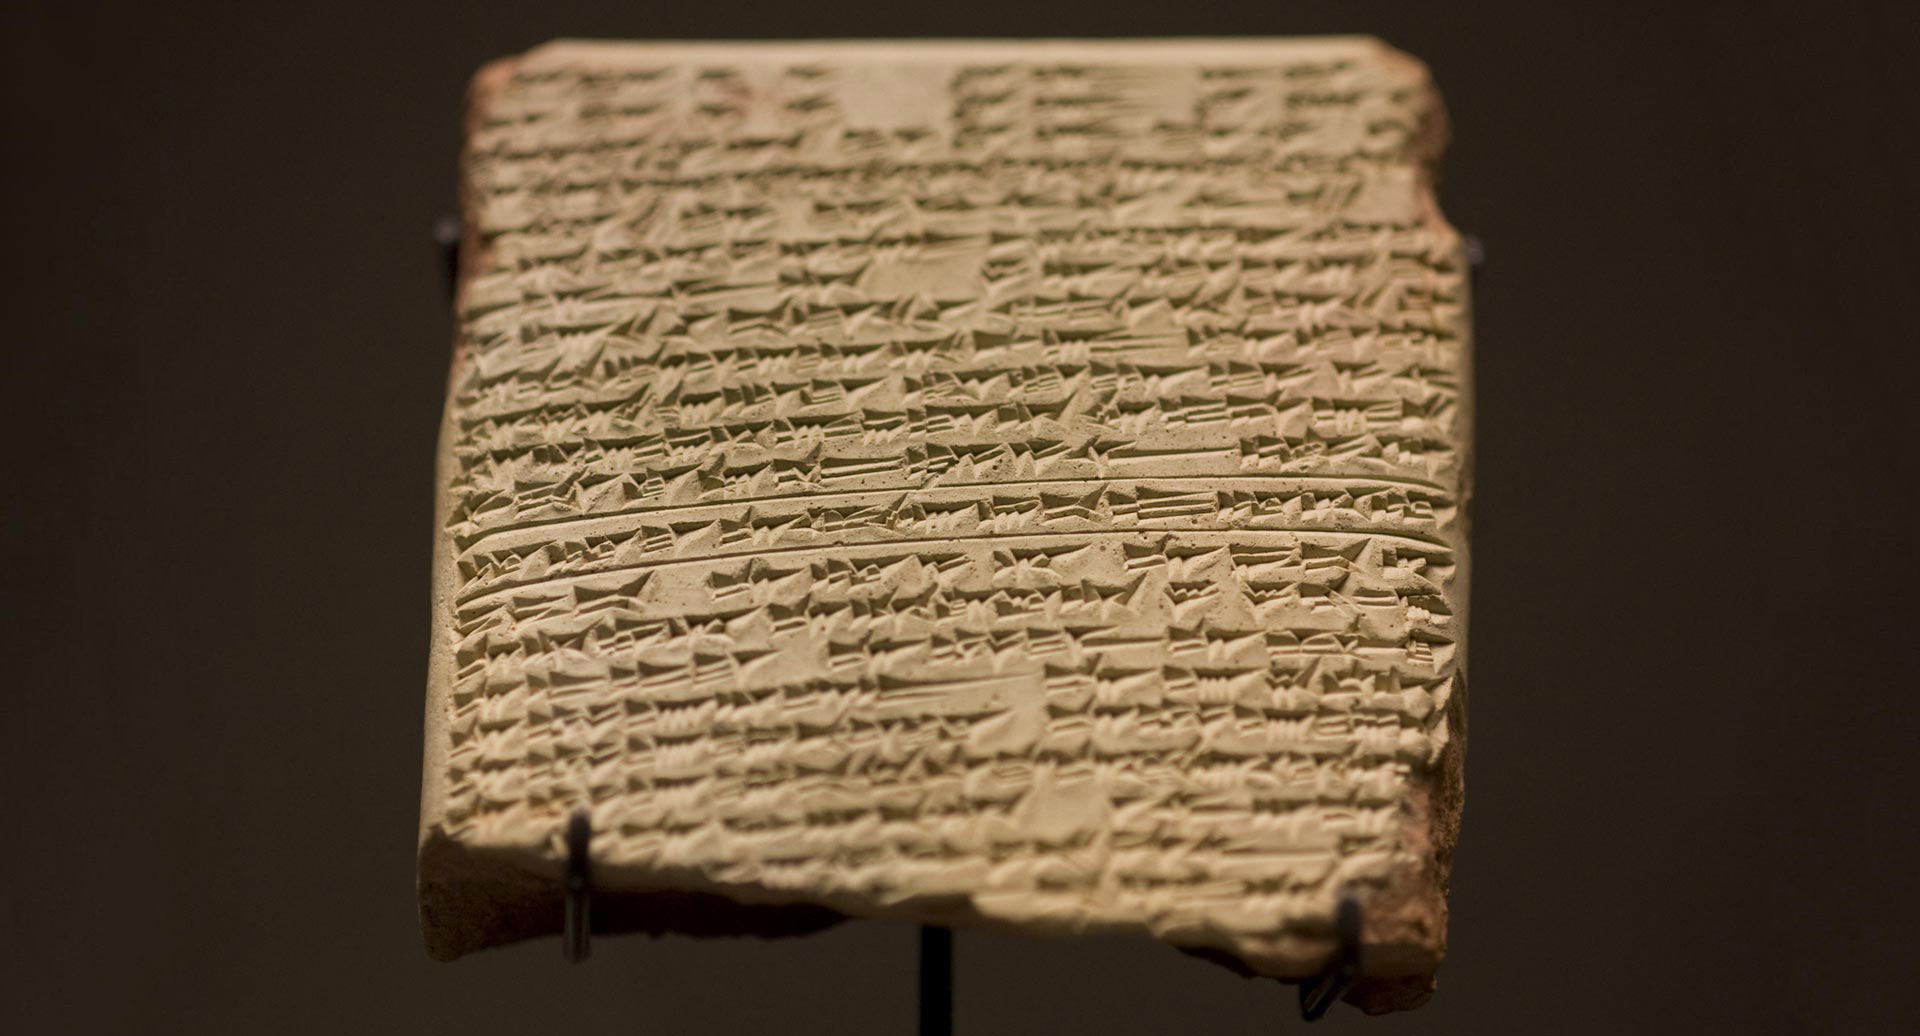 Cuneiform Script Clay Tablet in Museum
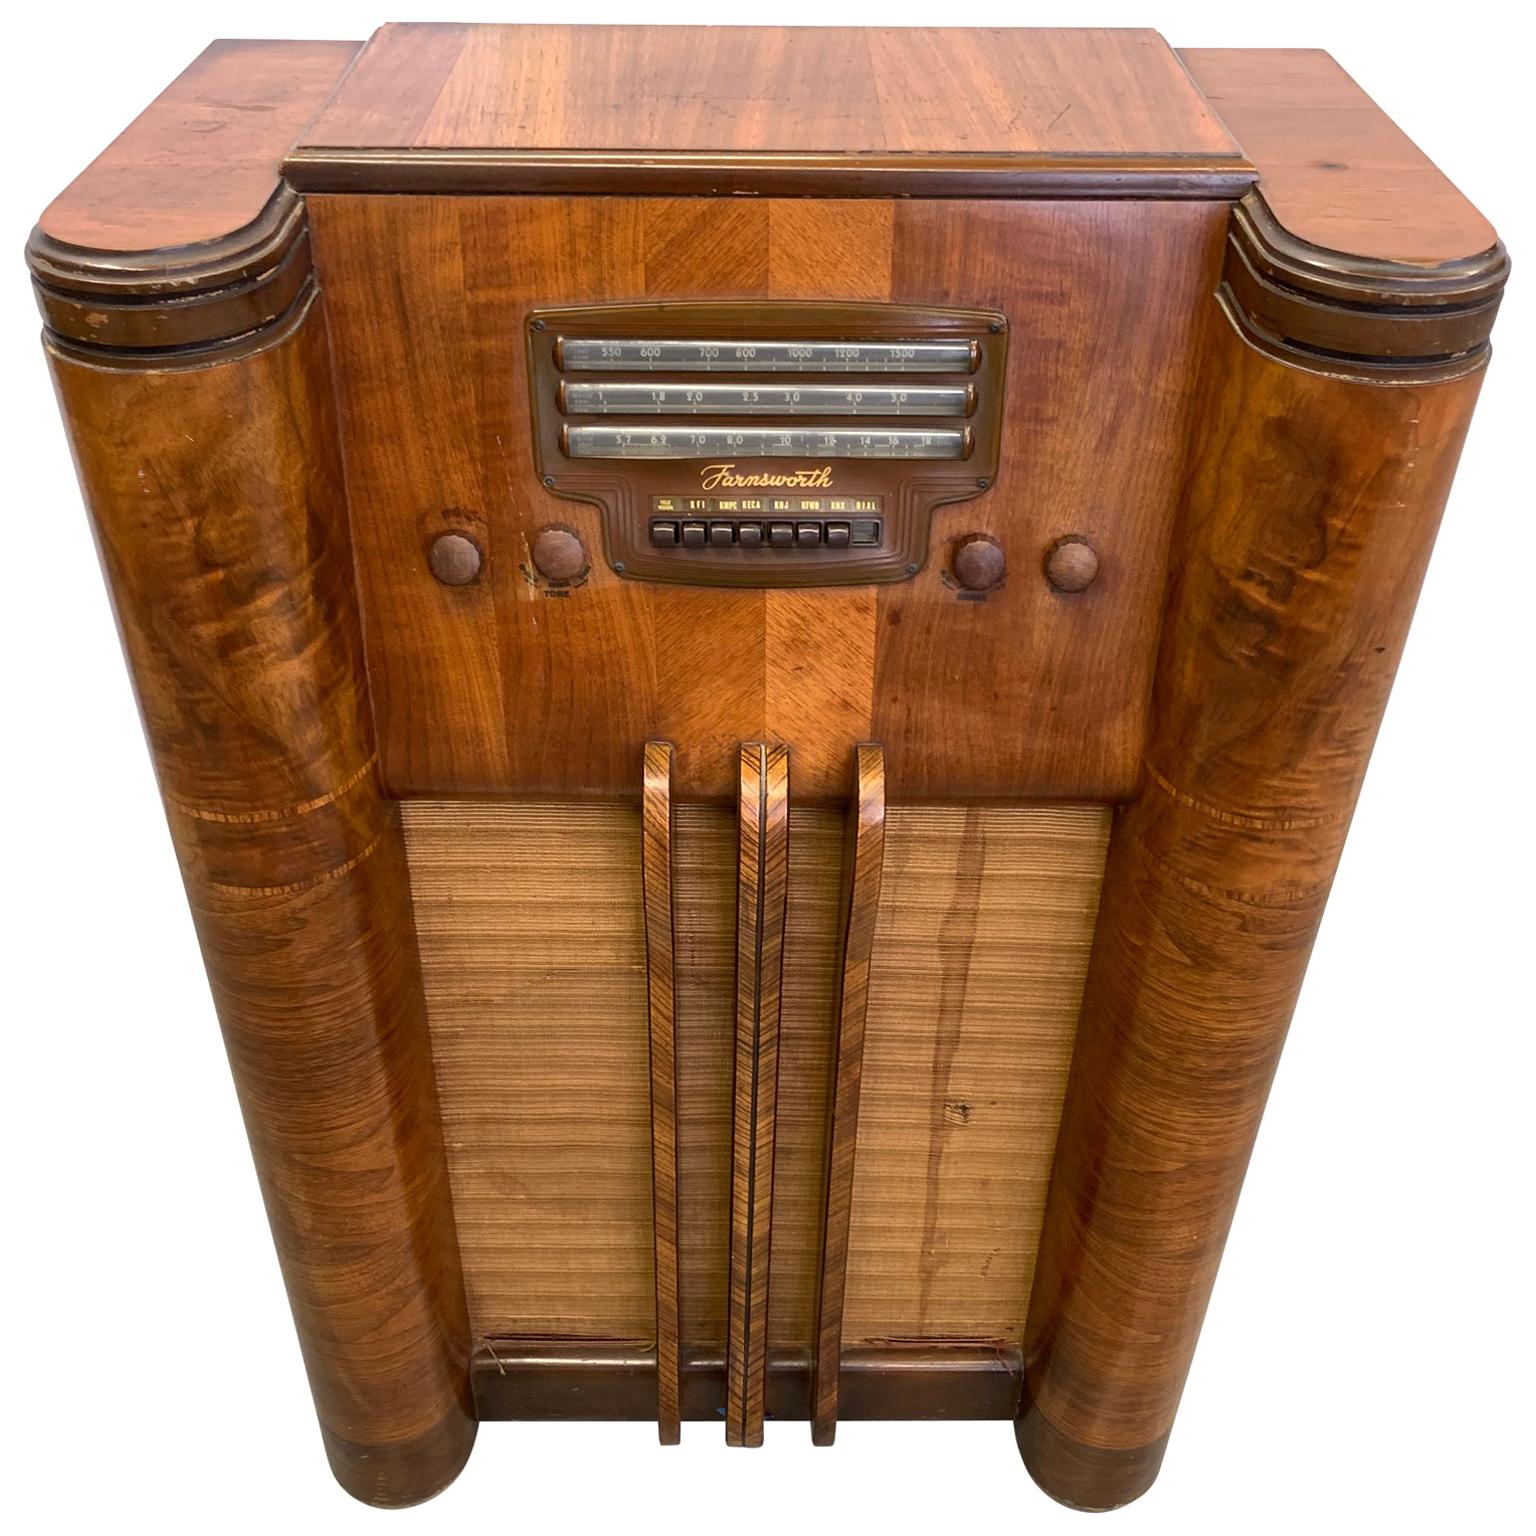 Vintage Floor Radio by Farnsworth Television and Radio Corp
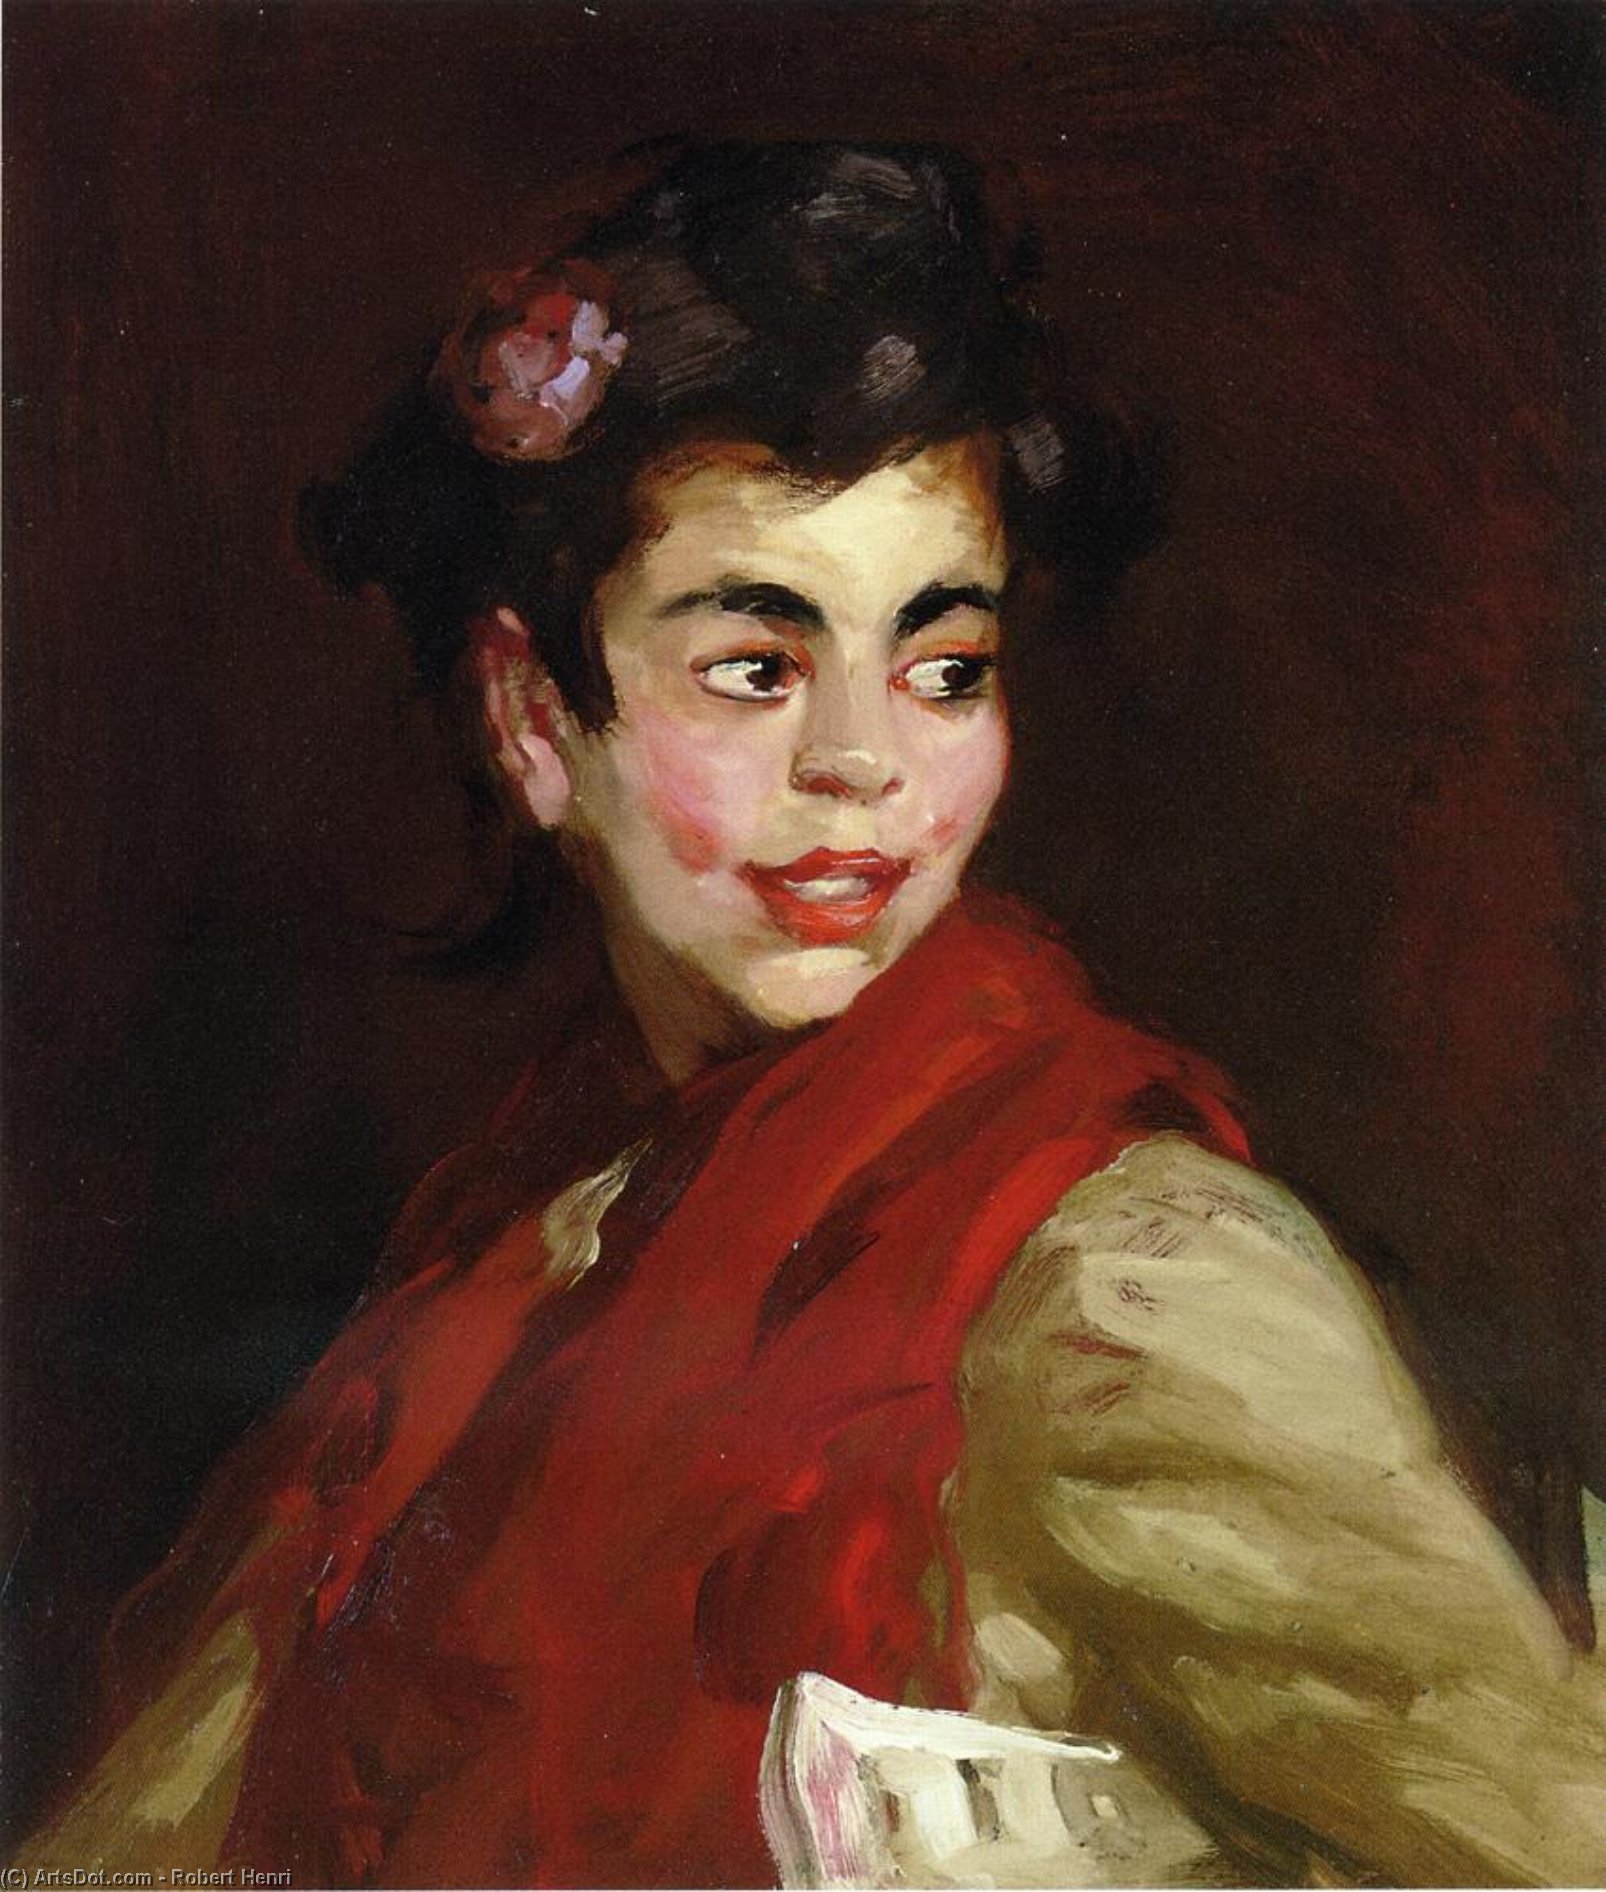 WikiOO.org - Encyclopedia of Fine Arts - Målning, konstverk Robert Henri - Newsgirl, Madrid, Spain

DIRECTIONS –
One exact copy of the data, no pictures: write it out line for line.

SOLUTION –
 Cuneiform Script Clay Tablet in Museum
 Vintage Floor Radio by Farnsworth Television and Radio Corp
 WikiOO.org - Encyclopedia of Fine Arts - Målning, konstverk Robert Henri - Newsgirl, Madrid, Spain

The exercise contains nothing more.